Figure 1. (A) Anaerobic speed reserve profiles of 19 elite male 800 and 1,500 m athletes across 800 m sub-group continuum as described in Sandford et al. (2019a). All participants seasons best (SB) 800 m ≤1:47.50 and 1,500 m SB ≤3:40.00. vVO2max estimated from 1,500 m race time as per methods of Bellenger et al. (2015) and validated in elite male runners in Sandford et al. (2019b). (B) Anaerobic speed reserve and velocity at 4 mmol/l lactate (v@4 mmol/l) across three elite middle-distance female profiles from each of the 800 m sub-groups tested in 2017. Note the between individual diversity across v@4 mmol/l, vVO2max and Maximal sprint speed—despite all having a season's best over 800 m within 1.3 s of each other. Rankings in brackets from 2017 season. vVO2max generated using methods developed by Bellenger et al. (2015) and utilized in Sandford et al. (2019a) (A). Informed consent was obtained through Auckland University of Technology ethics committee as part of Sandford et al. (2019a).
It is important to note, that without the characterization of MSS in these middle-distance athletes, something which is rarely reported in middle-distance studies, this continuum characterization is not possible (Figures 1A,B). Interestingly, these identified middle-distance athlete sub-groups (Sandford et al., 2019a) supports longstanding coaching observations of middle-distance athlete variability that requires careful individual considerations (Horwill, 1980).
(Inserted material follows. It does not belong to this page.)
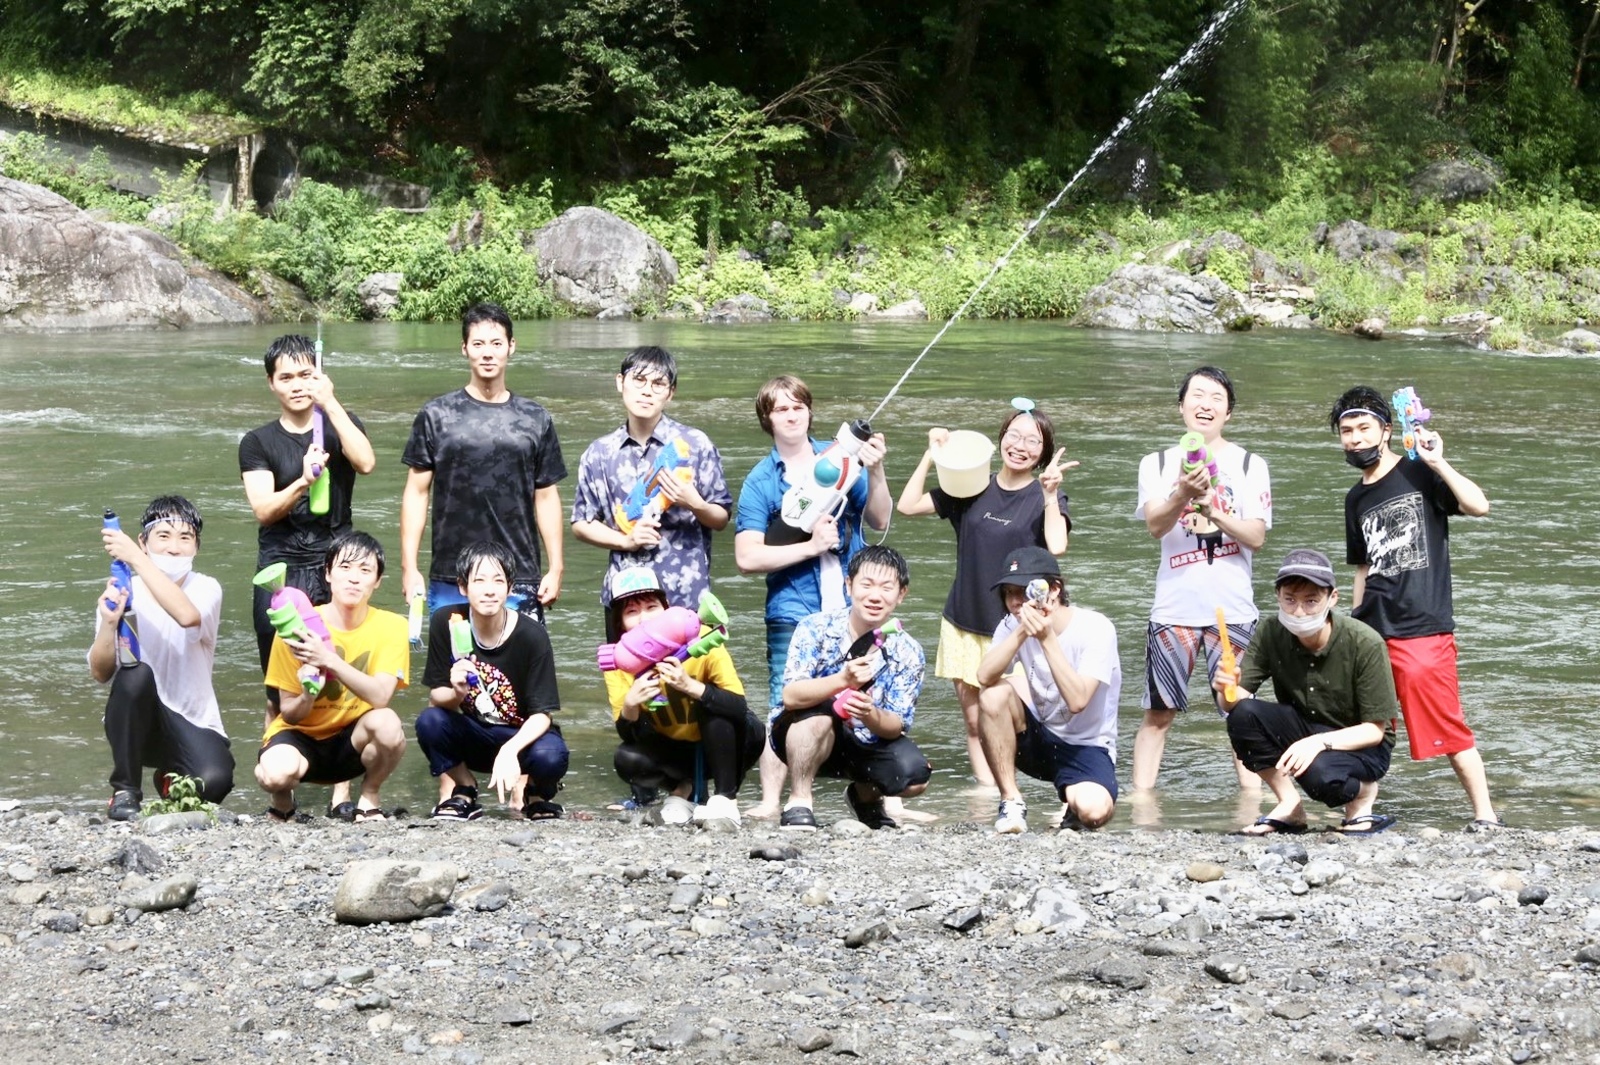 夏の特大企画🏖 多摩川上流でみんなで川遊びをしよう！ 〜スーパーイカした武器で的を狙え！🏄‍♂️〜

We suggest that appreciating the continuum of middle-distance diversity is currently poorly implemented in many research study designs, and poorly appreciated amongst middle-distance researchers and practitioners. Accordingly, as outlined below and in Table 2, considerations of this diversity should occur with: (l) section Study Athlete/Participant Characterization and Description (II) section Selection of Appropriate Intervention - Are All Stimulus Created Equal?; and (III) section Analysis of Effects per Sub-group.
Study Athlete/Participant Characterization and Description
All studies are required to profile and characterize their participants (Begg et al., 1996). Typically, many middle-distance based studies tend to limit this reporting to primarily aerobic based physiological parameters, such as VO2max (or vVO2max), lactate threshold, and performance times and participant age and anthropometrics. Sometimes, depending on the scope of the study, some anaerobic metrics are provided, appreciating sport science currently has limited validity in accurately and sensitively measuring the anaerobic domain (Haugen et al., 2018). Furthermore, middle-distance coaching education is predominated by aerobic based energy system teaching (Berg, 2003; Thompson, 2016; Sandford, 2018), which may skew the over-emphasis on these performance elements.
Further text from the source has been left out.